Direct energy transfer from a drive fluid to a primary fluid to be transported is described in the prior art.
Thus, U.S. Pat. No. 3,046,732, and U.S. Pat. No. 4,485,518 describe devices and methods wherein momentum and energy are transferred from a first fluid to a second fluid.
The teaching contained in this U.S. Pat. No. 3,046,732 has the principal goal of minimizing shear effects created in the primary fluid to be pumped that may appear at the interfaces between the fluid and the mechanical parts of the device. For this purpose, the invention consists of separating the drive fluid into two parts, ejecting a first part of this fluid through orifices located on a rotor into a primary fluid, and using the fluid jet resulting from the second part of the drive fluid passing through a central orifice to drive the first part of the drive fluid and the primary fluid. Thus, the shear that might appear between a fluid and a mechanical part is minimized. The drive fluid jets are emitted continuously through ejection orifices.
The problems generated by contact between particles and mechanical parts of the device may lead to decreased reliability of the device and more frequent servicing to replace parts.
U.S. Pat. No. 4,485,518 teaches ejecting a drive fluid in the form of jets through orifices and grooves located on the outside wall of a rotating part, said part being positioned inside a pipe in which a primary fluid to be pumped circulates. The drive fluid jets emerging when this part rotates transfer their energy tangentially to the primary fluid, and it is this tangentiality that may cause an imbalance in energy transfer.
The use of devices utilizing the energy supplied by jets for propulsion in the shipbuilding or aerospace industries is also known.
Jet energy is also utilized in classical jet pumps described for example in Patent FR-2,617,245 by the applicant.
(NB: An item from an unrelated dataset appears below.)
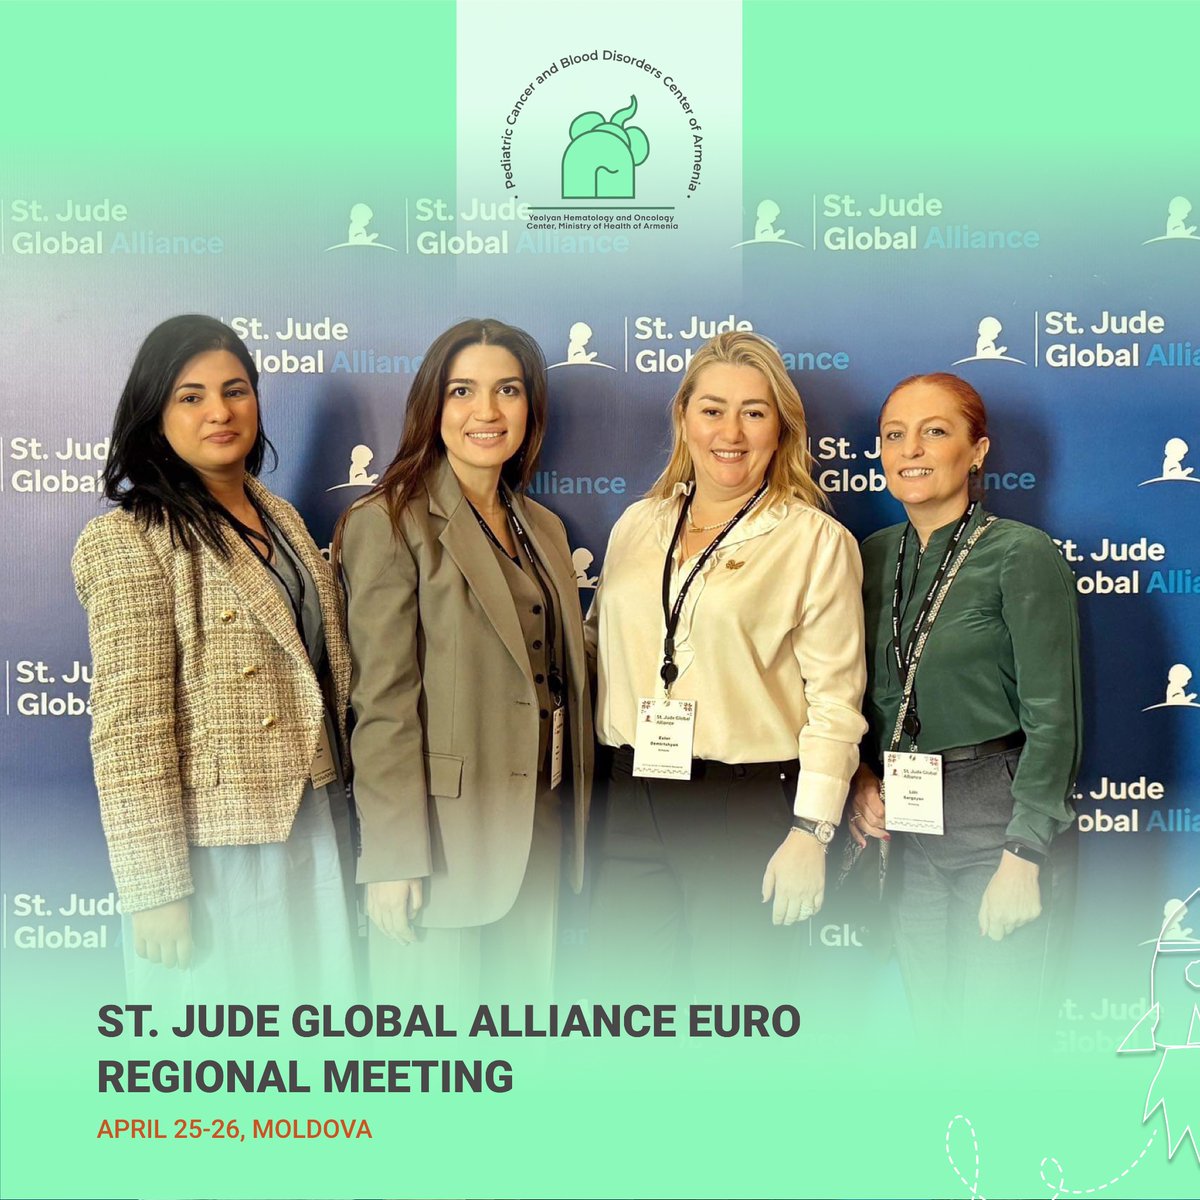 St. Jude Global Alliance EURO Regional Meeting: April 25-26 - Lilit Sargsyan, Head of the Pediatric Oncology Department, - Mane Gizhlaryan and Anna Avagyan, Pediatric Hematologist-Oncologists, Ester Demirtshyan, City of Smile Charitable Foundation, visited Moldova. 🇲🇩

Such devices emit a continuous high-speed axial jet which, by shear at the periphery, entrains the fluid to be transported and leads to lowered efficiency in energy utilization. Moreover, such pumps can present problems such as lowered intake pressure causing substantial degassing, cavitation phenomena, and wear at the nozzles due to the high fluid speeds and the possible presence of solid particles in the fluids with which they are in contact. These drawbacks impair the efficiency of these devices. Moreover, the regulation of such pumps to operate optimally requires knowledge of the values of parameters that are often variable and difficult to measure.
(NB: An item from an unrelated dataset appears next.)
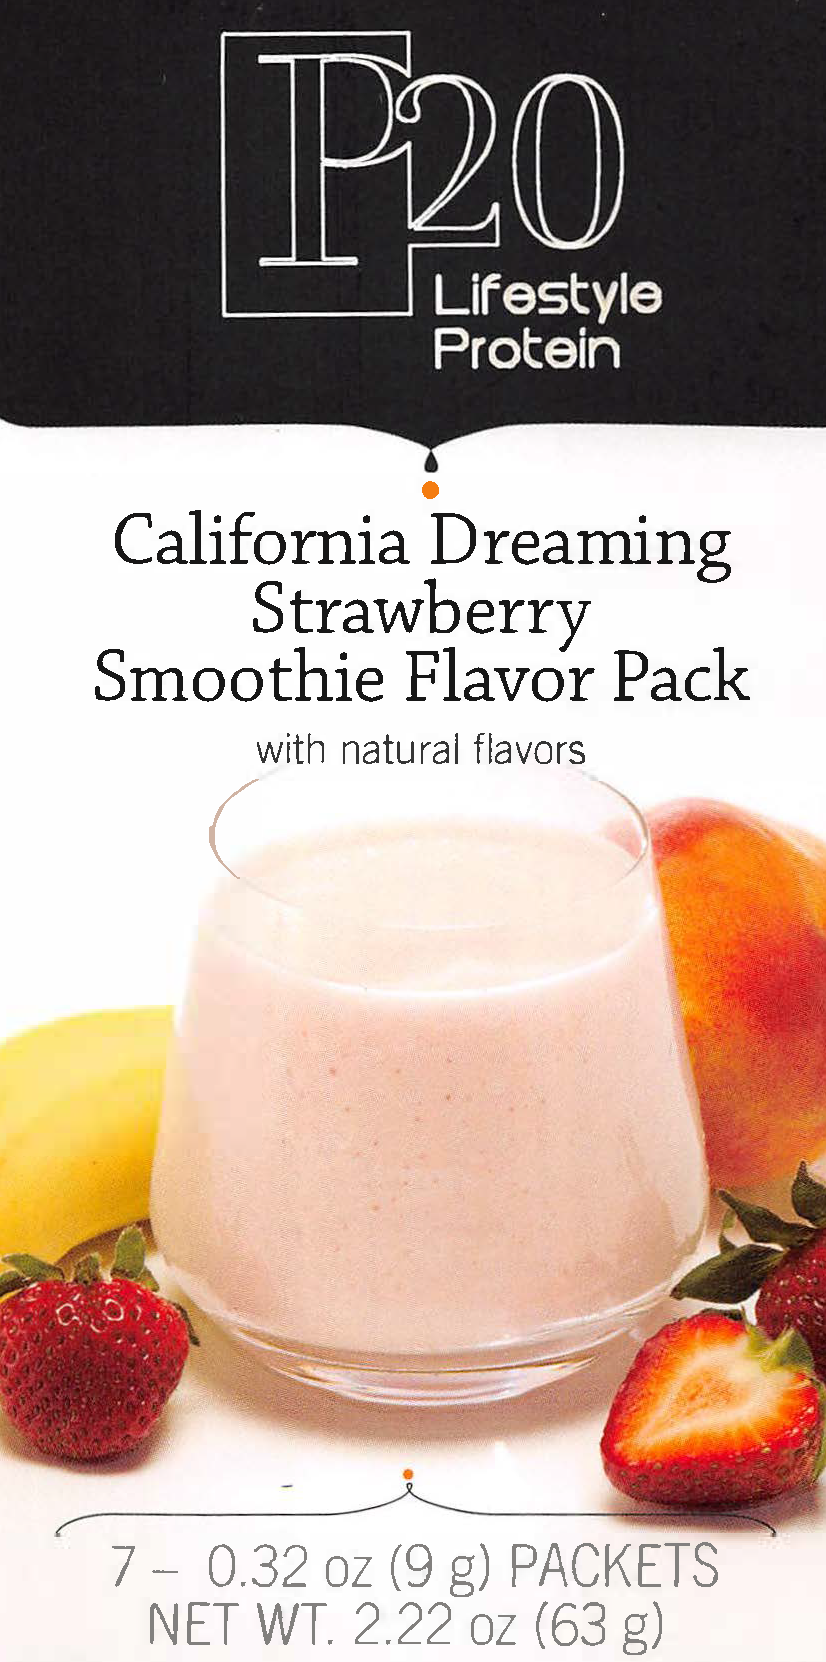 P20 Lifestyle Protein California Dreaming Strawberry VLC Smoothie Flavor Pack

Thus, existing devices do not allow simultaneous generation of a variable-frequency variable-length intermittent axial jet and an axial or annular rotating layer of fluid, said jets having an effect identical to the effect obtained by the mechanical type of piston normally used while avoiding the drawbacks associated with the latter, particularly problems when mechanical parts rotate with respect to each other and wear out.